Susac syndrome is a rare and enigmatic complex neurological disorder primarily affecting small blood vessels in the brain, retina, and inner ear. Diagnosing Susac syndrome may be extremely challenging not only due to its rarity, but also due to the variability of its clinical presentation. This paper describes two vastly different cases-one with mild symptoms and good response to therapy, the other with severe, complicated course, relapses and long-term sequelae despite multiple therapeutic interventions. Building upon the available guidelines, we highlight the utility of black blood MRI in this disease and provide a comprehensive review of available clinical experience in clinical presentation, diagnosis and therapy of this disease. Despite its rarity, the awareness of Susac syndrome may be of uttermost importance since it ultimately is a treatable condition. If diagnosed in a timely manner, early intervention can substantially improve the outcomes of our patients.
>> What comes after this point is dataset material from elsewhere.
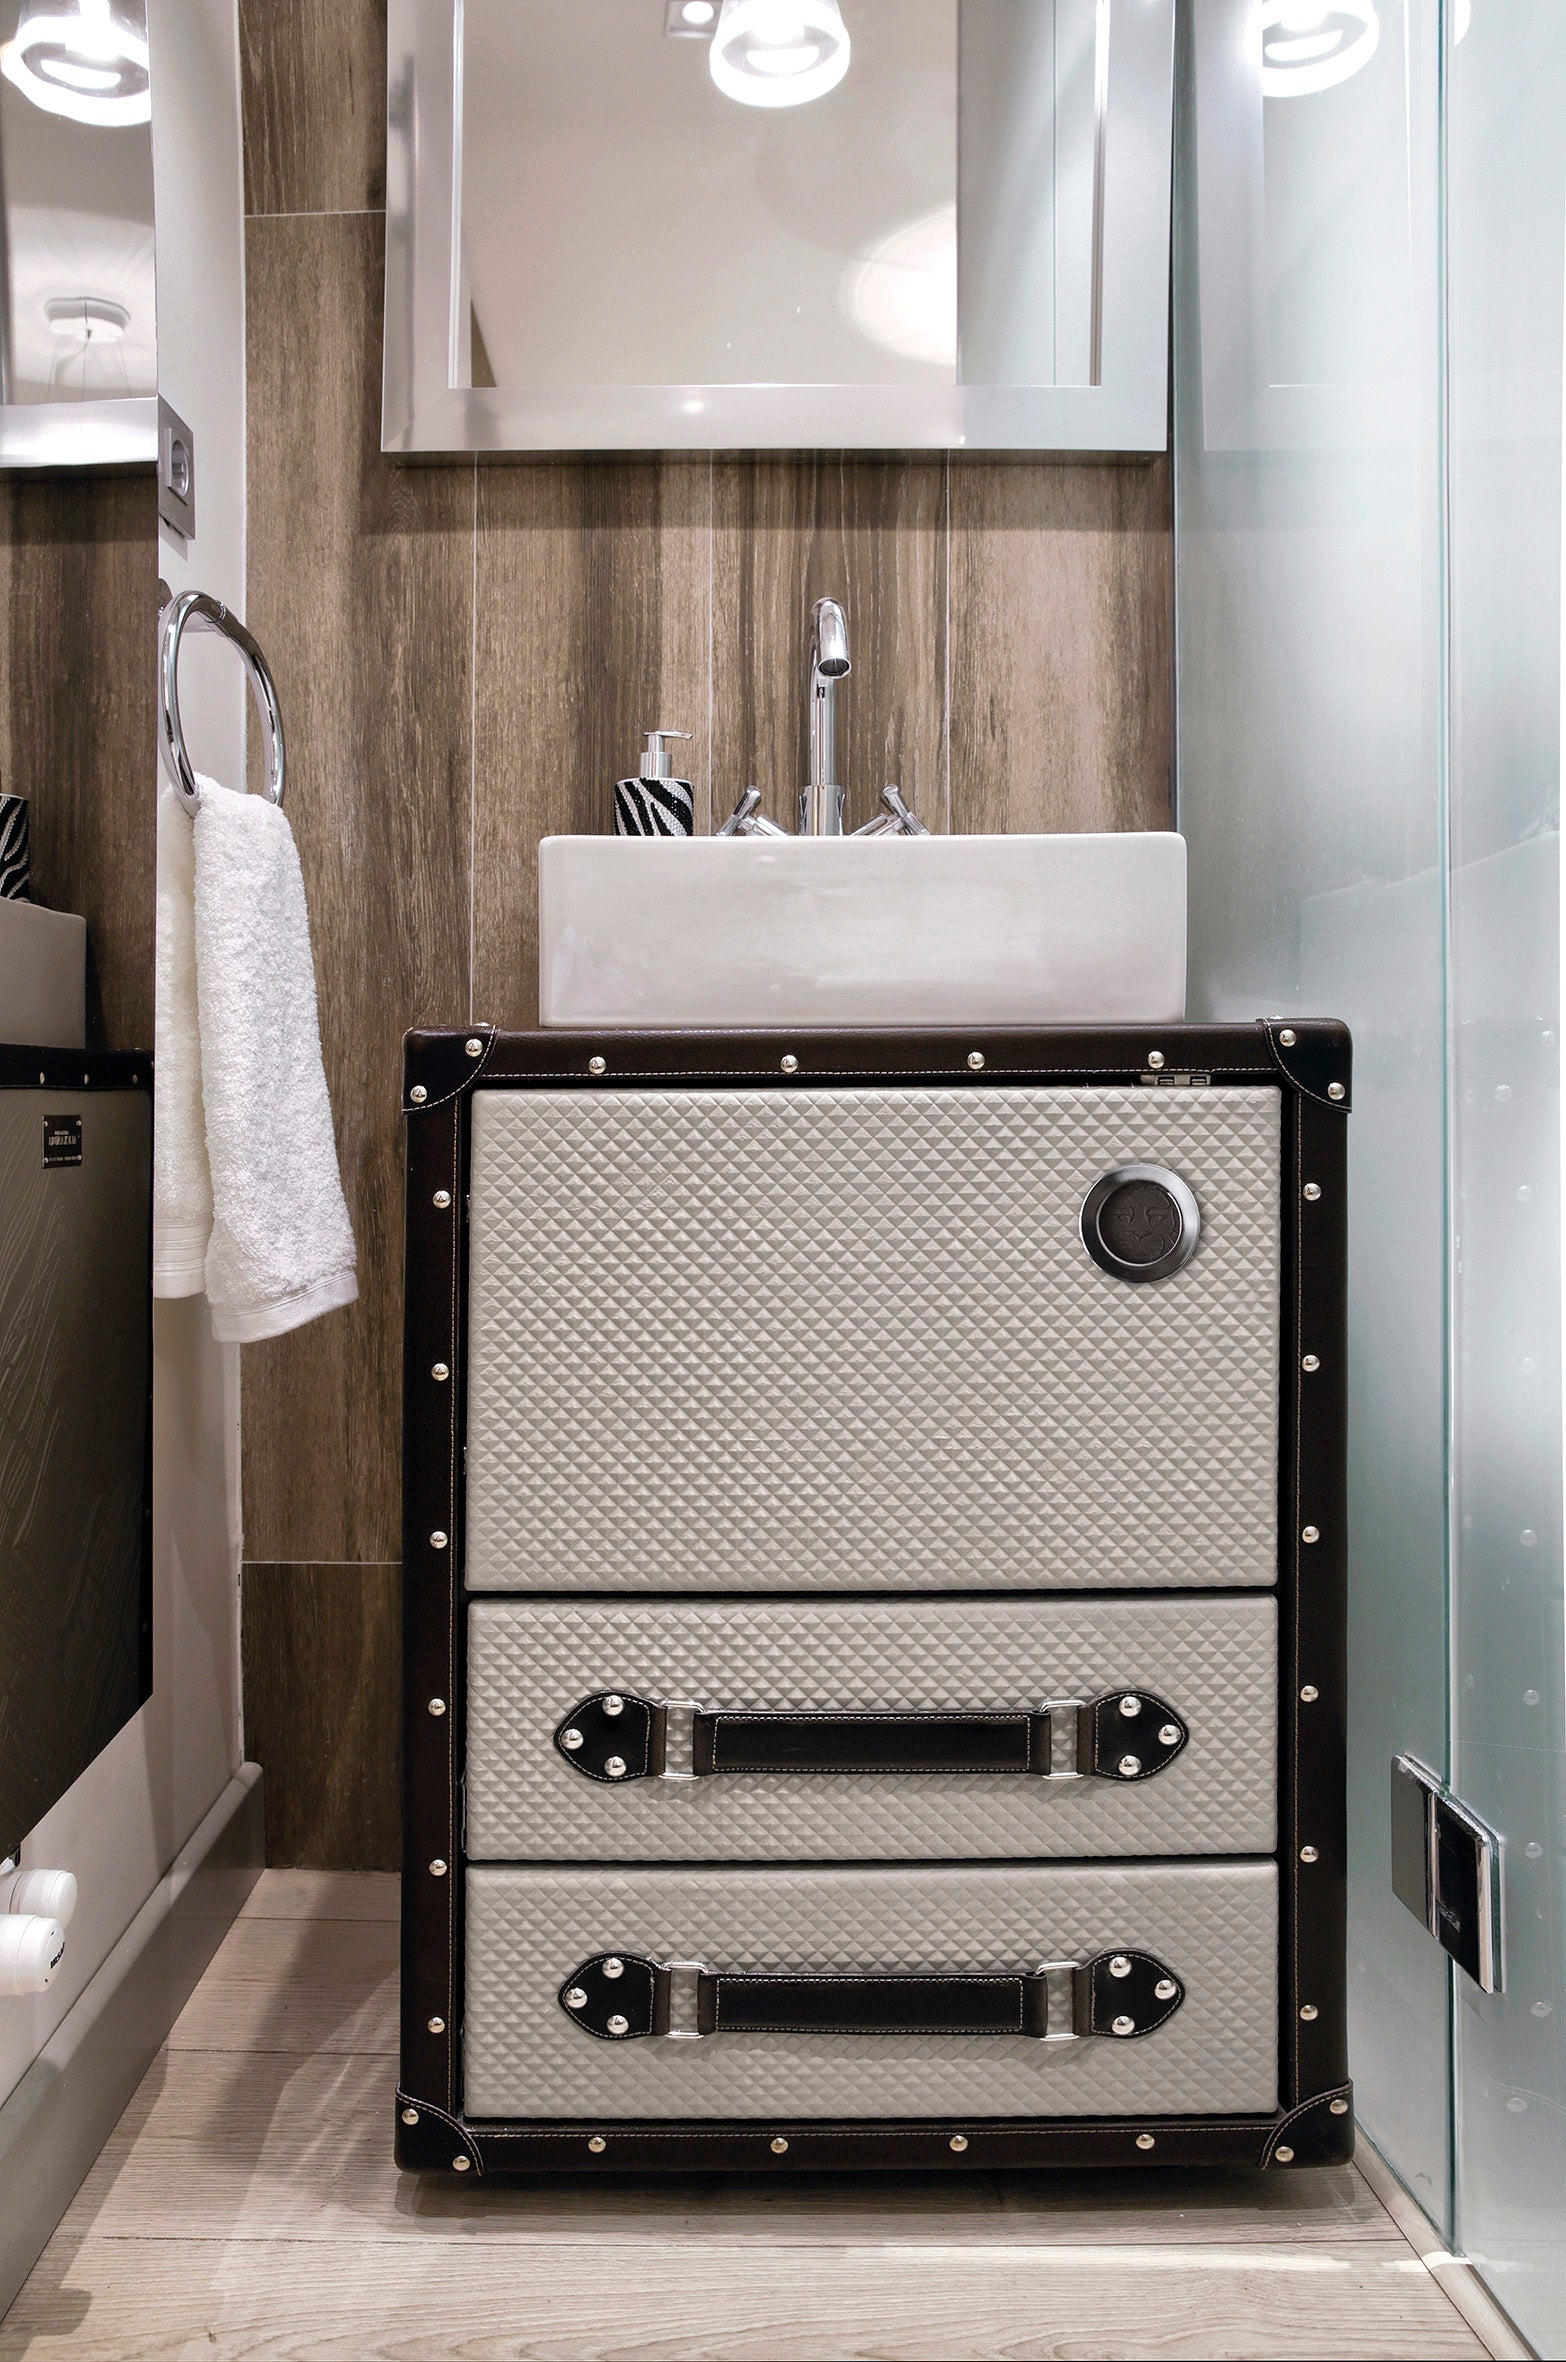 Traveler small bathroom vanity 21. Leather upholstered vanities. Smal –  secretbathstore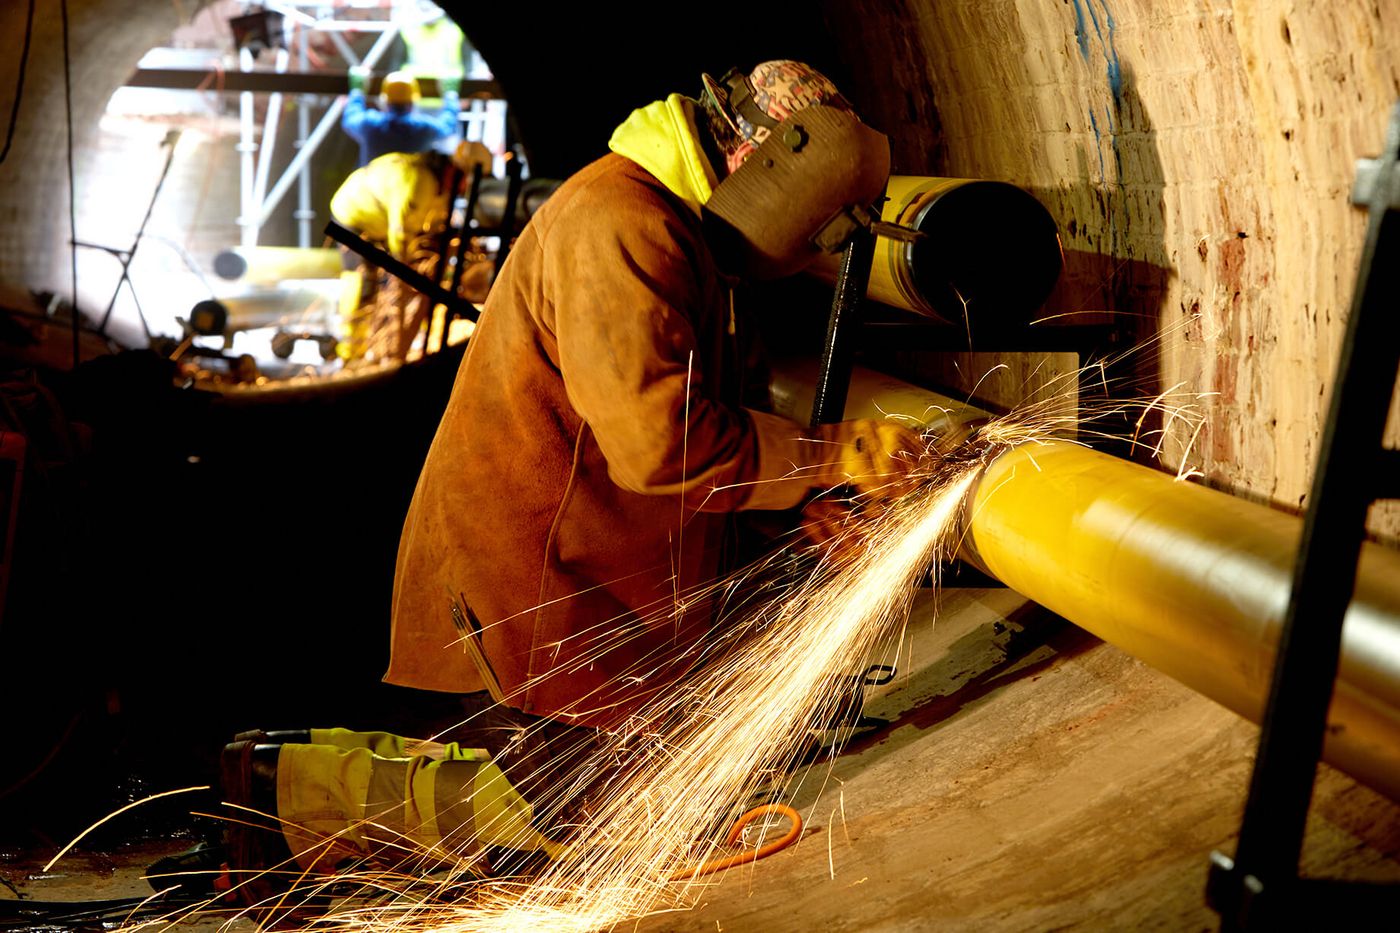 Foto: Bauarbeiter in Schutzausrüstung beim Schweißen einer Rohrleitung, rechts gewölbte Ziegelwand, unscharf im Hintergrund zwei weitere Arbeiter an einem Gerüst im Tageslicht

Keywords: Susac syndrome; black blood imaging; branch retinal arterial occlusion; hearing loss; neuroimmunology; stroke; vasculitis.

Figure 1

Imaging findings in the case report 1. Sagittal T2-weighted (A) and axial FLAIR MRI scans (B) at the time of symptom onset showing multiple hyperintense small lesions in the white matter, predominantly affecting corpus callosum in the form of “spokes.” Axial black blood MRI scans at the time of symptom onset (C.I), showing microangiopathy as multiple small, hypersignal nodules in small vessel walls combined with discreet leptomemingeal enhancement (marked with arrows); and after 6 months (C.II), showing regression of the pathology. Fluorescein angiogram (left eye) at the time of symptom onset (D.I), where the areas of hyperfluorescence mark leakage from inflamed retinal arterioles (red arrows) and the area of fluorescence decrease corresponds to the lower nasal arteriolar occlusion (precapillary plaque) with segmentation (black arrows). Fluorescein angiogram (left eye) after 8 months (D.II) shows the absence of leakage and reperfusion of the previously occluded retinal arterioles (black arrows).

Figure 2

Imaging findings in the case report 2. Axial FLAIR MRI scans (A) at the time of symptom onset showing multiple hyperintense “snowball” lesions in the white matter. Axial average diffusion-weighted scans (B.I) at the time of symptom onset and apparent diffusion coefficient maps (B.II), with small areas of restriction of diffusion (hypersignal in B.I and hyposignal in B.II), corresponding to small infarctions. Black blood MRI scans at the time of symptom onset (C.I), detecting microangiopathy (multiple small hypersignal nodules of small vessel walls) in both supra- and infratentorial region; and after 6 months (C.II), with regression of the initial pathology, but development of substantial atrophy.

Figure 3

Imaging findings in the case report 2. Axial FLAIR MRI scans (A) about 1.5 months after the symptom onset, showing cystoid degeneration of previous hypersignal areas and several new lesions. Axial average diffusion-weighted scans (B.I) and apparent diffusion coefficient maps (B.II) about 1.5 months after the symptom onset, with several new lesions causing diffusion restriction, and 6 months after the symptom onset (C.I,C.II), where no new lesions are apparent.

Figure 4

Imaging findings in the case report 2 – Fluorescein angiogram of the left (A.I) and right eye (A.II) 1.5 months after symptom onset, where the areas of hyperfluorescence mark leakage from inflamed retinal arterioles (red arrow) and the areas of fluorescence decrease correspond to arteriolar occlusion (precapillary plaque) (black arrows). Follow-up fluorescein angiogram (left eye) after 6 months (B) showing revascularization of small vessel occlusions present in the previous examination (black arrow); no areas of hyperfluorescence were detected.